Just last week we removed 5 trees from the backyard as well as grinded down the stumps as we've heard this is also a big help for termite control.

Thoughts?


----------



## mako1 (Jan 7, 2014)

Is your house built on a concrete slab or wood foundation?What part of the country?
Basement?The elevation is also important?


----------



## Joemaio87 (Nov 30, 2013)

House currently sits on a dirt crawlspace which had no barrier whatsoever which I'm sure didn't help at all. Once plumbing is finished this is being cemented and waterproofed. We are in central Jersey and am not too sure about elevation, but not to far off sea level I'd say. There is a basement that was built under an extension that was added some 40 years ago, this is only accessible from the outside and does not connect to the inside of the home. Its about 18x12 and meets the crawlspace with cinder block wall.


----------



## joecaption (Nov 30, 2011)

Please do waste time and money some DIY concoction.
Any real exterminator can do a pretreatment before the slab is pored and treat the foundation and piers.
Do not let them rip you off with just bait stations!
Termites do not eat living trees. Now that you have cut them down there going to be setting up home eating all the old dead roots.
Not worry there most likely dozens of colony's on you property that have been and always will be there.
As long as the foundations been treated there not getting in.


----------



## Joemaio87 (Nov 30, 2013)

How exactly does the foundation get treated and wouldn't something like that have to be repeated? Isn't it better preventative measure to also get the framing treated with some type of protection since everything is open?

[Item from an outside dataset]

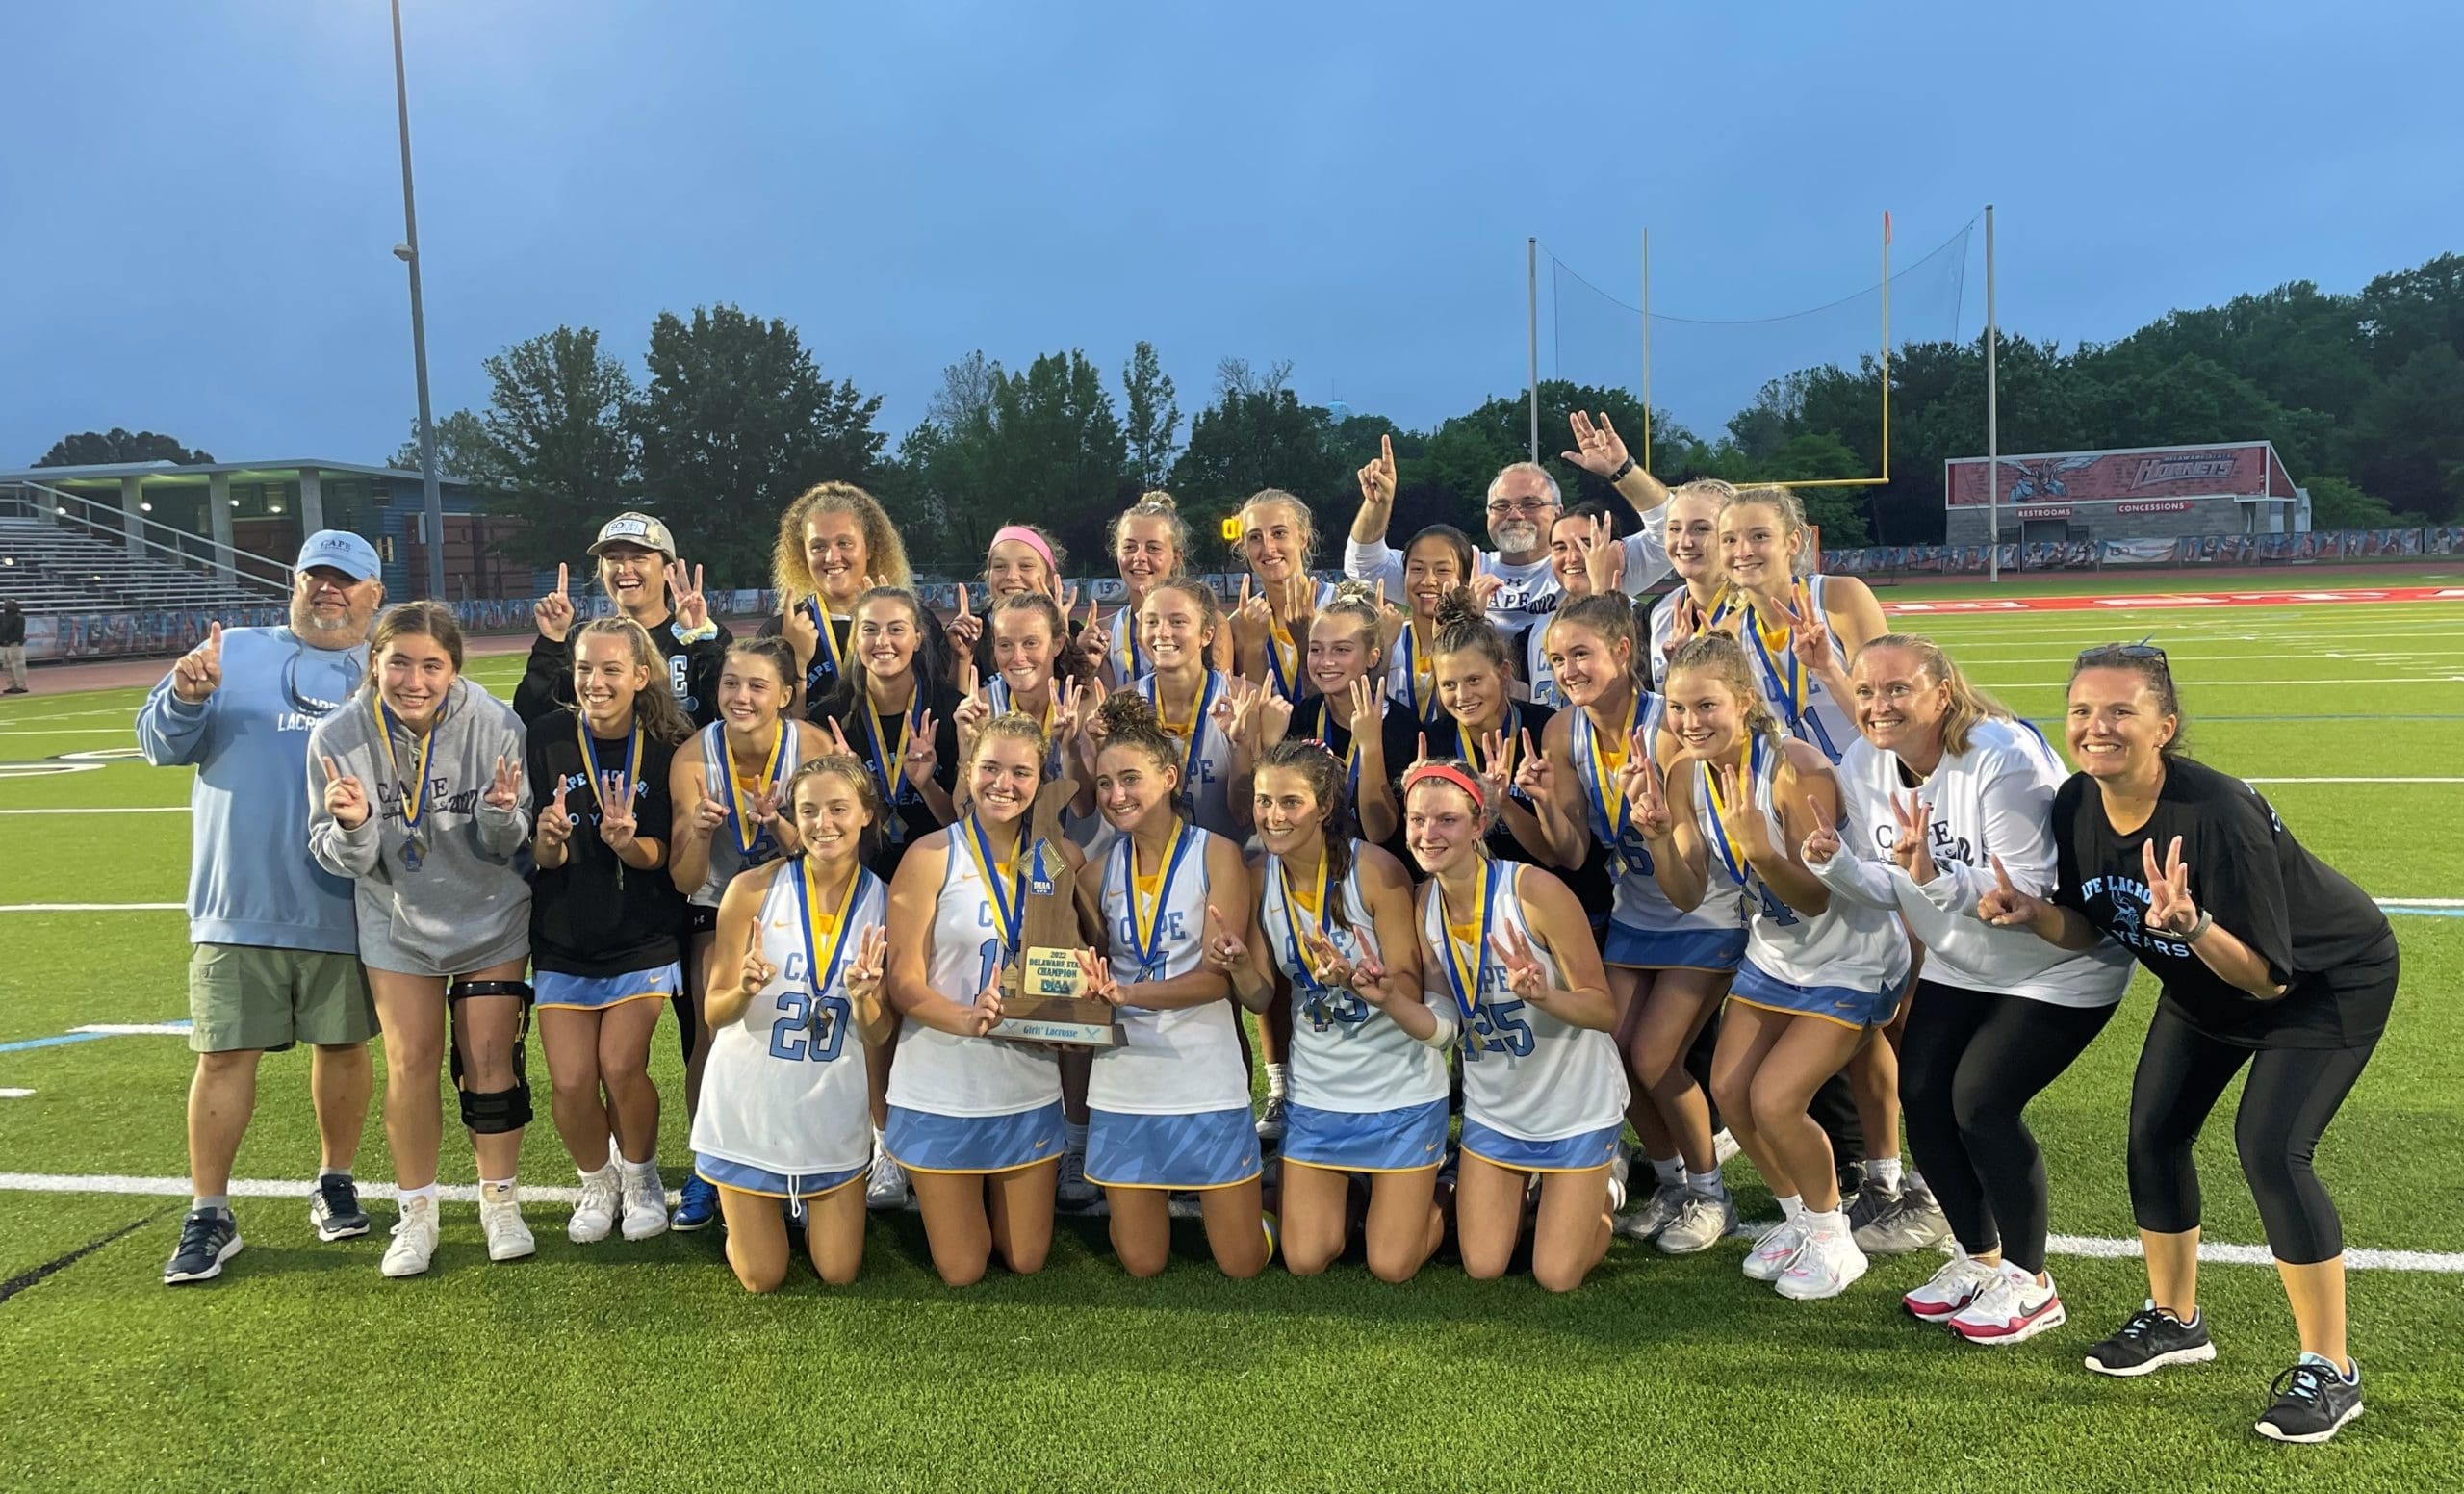 Featured image for “Cape captures lucky No. 13 lacrosse championship”

Why would you not recommend a DIY approach with that?


----------



## joecaption (Nov 30, 2011)

How it gets treated depends on the type of foundation you have and where you live.
Two basic types of termites, those that have there colony's outside and need to return to the ground (subterrian) and those that never have to leave the home for moisture. (Formosan)
If it's block every void will be drilled, the base of the foundation under the house and piers will be trenched then filled with termicide.
Any slabs like in the garage will be drilled and injected.
On the outside most often a long nozzle is used to shoot the chemical all the way to the footing.
Look this site over.
http://www.termidorhome.com/


----------